No sé si os pasa lo mismo, pero cada día me da más pereza entrar en Facebook, Twitter o Instagram. Antes, unos años antes me refiero, me encantaba leer la noticias que compartía la gente, lo ingeniosos que eran sus tuits. Y seguía muchos blogs y los comentarios eran lo más parecido a un foro: todos aportábamos algo, aprendíamos unos de los otros y pasábamos un buen rato.
Ahora las redes sociales se han convertido en la batalla de los intensos.
Por un lado están los que, a pesar de todo, siguen siendo positivos. Muy positivos. Excesivamente positivos. Nos hablan del camino hacia la felicidad, nos llenan de frases profundas, tazas con mensajes, reflexiones prestadas, artículos motivadores que no son aplicables a nuestras vidas y críticas encubiertas hacia los “amargados”, haciéndonos entender que no tenemos derecho a una mala racha. Algunos de ellos, en poco tiempo, se convirtieron en expertos de la inteligencia emocional y consejeros absolutos de felicidad.
Al otro lado del campo de batalla están los que se cagan en todo: en el país de la pandereta, en la mediocridad, en la falta de educación, en los hombres, en las mujeres, en la vida y, sobre todo, en los extremadamente positivos. Su amargura es una especie de reivindicación, de declaración, de modernización. Estar constantemente amargado está bien visto (seamos sinceros, hoy en día mola más ser un amargado reivindicativo que un flower-power, que esos ya están pasados de moda, aunque tengan su público).
Está claro que tanto los “extremadamente felices” como los “exageradamente amargados” han existido siempre. Quizás eran menos visibles, pero en cuanto aparecieron las redes sociales nos dimos cuenta que podemos decir cualquier cosa y que había alguien “ahí fuera” que no solo nos oía, sino que nos escuchaba. Y claro, ya no había vuelta atrás.
Sin embargo lo peor estaba por llegar. Al cabo de un tiempo descubrimos que ser una persona normal, con sus días de mierda y sus momentos de felicidad absoluta, no servía de nada. Si eras normal, eras ordinario, del montón, un “don nadie”: tu opinión no valía un duro. ¿A quién le gusta ser invisible? Yo conozco a muy pocos.
Entonces la gente empezó a ser intensa. Lo importante era destacar, para bien o para mal, defendiendo una cosa o la otra. Daba lo mismo qué es lo que defendías, lo esencial era defenderlo a toda costa. Algunos traspasaron la delgada línea que separaba el adjetivo “polémico” del “follonero”, pero nadie se percató de ello.
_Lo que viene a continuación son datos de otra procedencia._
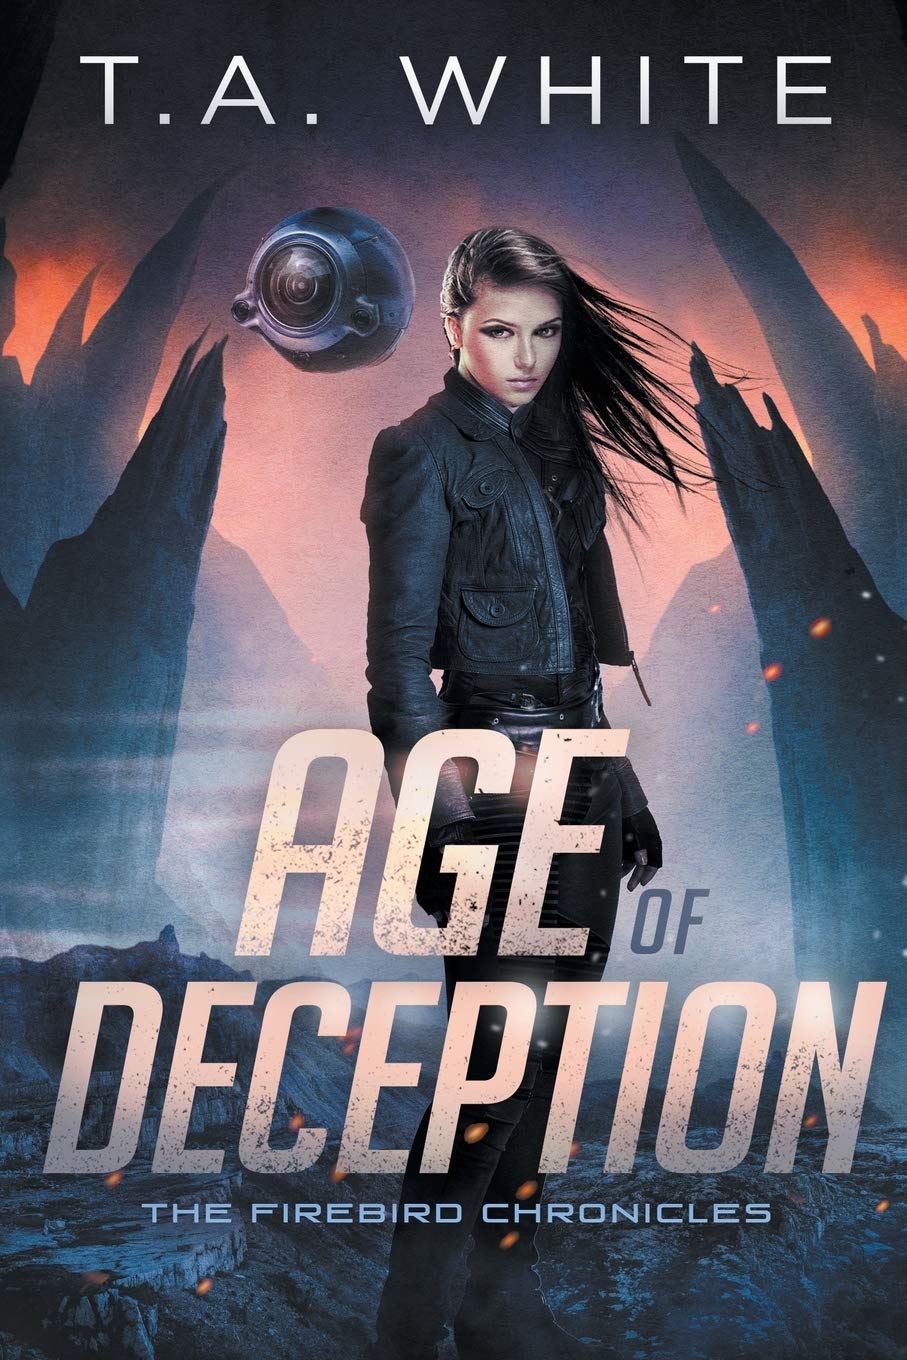 [EPUB] The Firebird Chronicles #2 Age of Deception by T.A. White

Casi todos hemos formado parte de ese movimiento (¿a quién no le gusta ser visible?), todos hemos dejado comentarios destructivos y hemos escrito artículos odiosos o, al contrario, llenos de amor y alegría. Y, lo que es peor, hemos hecho las dos cosas al mismo tiempo. En su día todos, o casi todos, fuimos bipolares, virtualmente hablando.
Lo que me sorprende es que todavía hay gente que no se ha cansado. Y, que es peor, todavía hay público que sigue necesitando gurús. Los gurús que, al estar encerrados en su propia y tan intensa verdad, son de todo menos objetivos. Se nos olvida que ser equilibrados es la única forma de ser objetivos. Vivir en un mundo de azúcar no aporta nada. Pero comer mostaza a cucharadas, tampoco.
Está bien motivarte con cosas. Rodearte de mensajes positivos sustituye a una patada en el culo para darte un empujón. Pero para que el empujón te sirva de ayuda, tienes que estar caminando. Si te quedas quieto, la patada hará que te caigas de morros.
Está bien ver el mundo tal y como es: cruel e injusto. ¿Pero de qué te sirve encerrarte en la negrura? “Nos ha tocado vivir en un mundo de mierda”, decimos. Pero nos quedamos con la parte de “un mundo de mierda” ignorando la de “vivir”.
Y es que… también se puede luchar con una sonrisa en los labios. Igual que se puede ser feliz estando triste.